Adds an opt-in fingerprint pre-check to Recon. When fingerprint_precheck=True and the source has a registered query builder, Recon runs a sketch-based detection pass (MD5-sub-bucketed aggregates over both sides) before the row-hash compare pipeline.

MATCH -> Recon short-circuits in seconds; no full table scan, no JOIN.
MISMATCH -> an algebraic solver returns the differing row hashes; a surgical Stage-2 fetch pulls just those rows and feeds them into the existing compare.reconcile_data flow. If the mismatch is systemic (>15% of sub-buckets), the precheck defers to the existing row-hash pipeline.
Ineligible -> falls through to the existing row-hash pipeline silently.

The flag defaults to False; existing behaviour is unchanged.

The algorithm is byte-identical to the dataprint sketch-based reconciliation library (Databricks-internal); this MR is the first dataprint-into-lakebridge integration. Redshift is the first source dialect — adding Snowflake / Oracle / TSQL is one FingerprintQueryBuilder subclass plus one registry entry, with no orchestrator changes.

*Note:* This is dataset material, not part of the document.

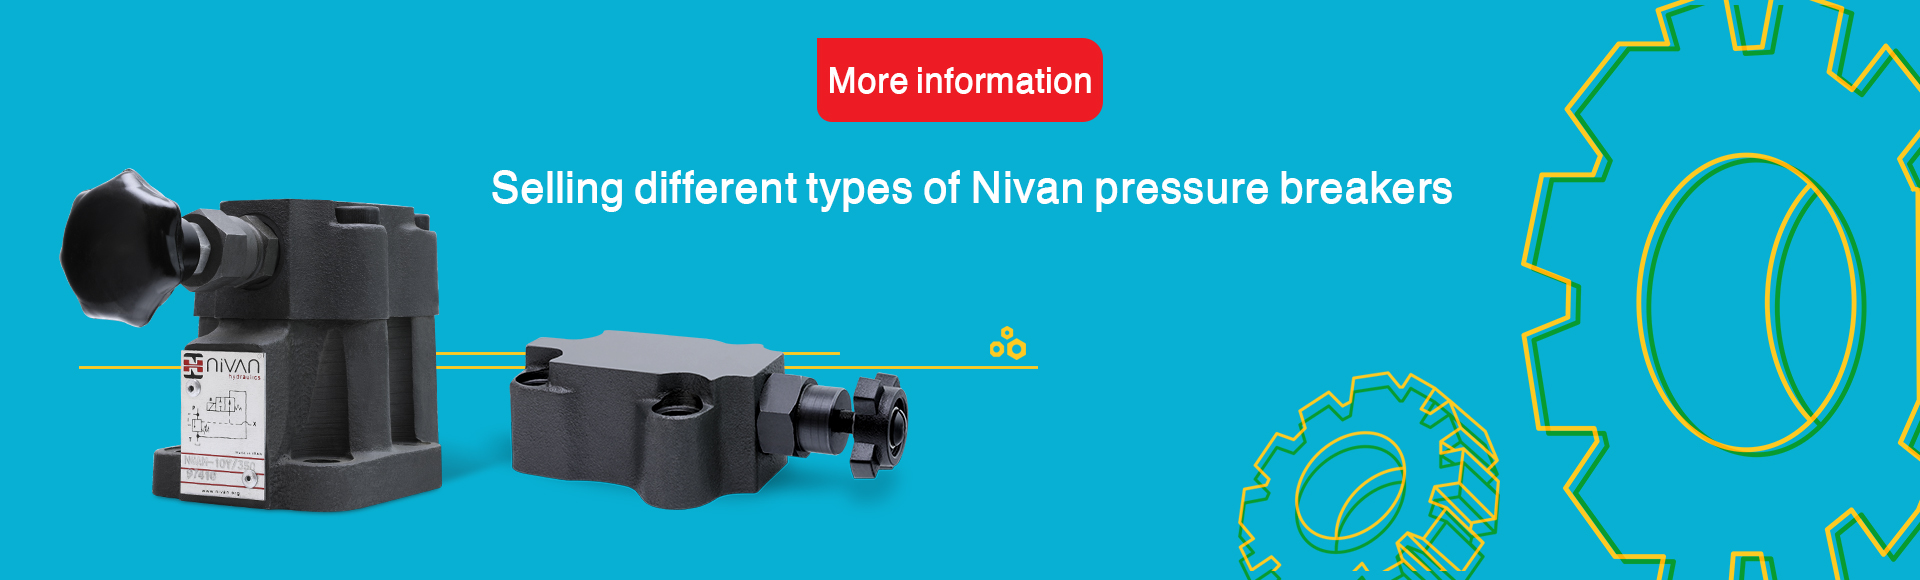 Nivan pressure breaker, Nivan block electric pressure breaker, Nivan manual pressure breaker, Nivan electric manual pressure breaker, Nivan radiosync, Nivan hydraulic

Relevant implementation details

trigger_recon_service._run_fingerprint_or_reconcile_data is the single decision point. Static eligibility (flag off, unsupported dialect, report type not data, no join columns, filters / transformations / thresholds configured) is centralised in classify_ineligibility (fingerprint/orchestrator.py) and runs before any source-side compute. One config-time reason — unmapped_target_column_mapping — is detected later, inside the precheck (because it requires the target schema), and surfaces via the typed UnmappedTargetColumnMappingError raised by align_columns; the trigger catches it before the runtime-failure branch and routes it through FingerprintRunMetadata.ineligible(...). Every reason is one of the values on the IneligibilityReason enum and is recorded on recon_metrics.fingerprint_metrics.ineligibility_reason, so adoption queries can count each cause without needing to grep cluster logs.
Source-side reads use upstream's RemoteQueryReader / remote_query() TVF unmodified — no new connector code. Stage-1 aggregation pushdown was verified empirically against a 1 M-row Redshift fixture on a DBR 17.3 cluster: both direct JDBC (4.28 s median) and the upstream remote_query() TVF path (5.44 s median) push the GROUP BY to Redshift and return identical aggregated row counts.
Stage-1 detection is parallelised across source / target via ThreadPoolExecutor(max_workers=2, thread_name_prefix="fp-stage2"). Failure semantics match the serial version; the trigger-layer catch wraps the whole block.
New config fields on ReconcileConfig:
- fingerprint_precheck: bool = False (the main flag)
- fingerprint_treat_empty_as_null: bool = False (collapse '' to NULL in the per-column hash payload, end-to-end on both sides)
- fingerprint_row_count_override: int | None = None (pin the adaptive sub-bucket / bucket tier when DESCRIBE DETAIL cannot read numRecords)
ReconcileConfig.__version__ bumps from 2 -> 3. The new v2_migrate introduces fingerprint_precheck and folds two legacy spellings (redshift_fingerprint_precheck, use_fingerprint_precheck) into it. Combined with upstream's v1_migrate, the chain v1 -> v2 -> v3 runs automatically via Installation.load(ReconcileConfig). Existing deployments upgrade with zero user action.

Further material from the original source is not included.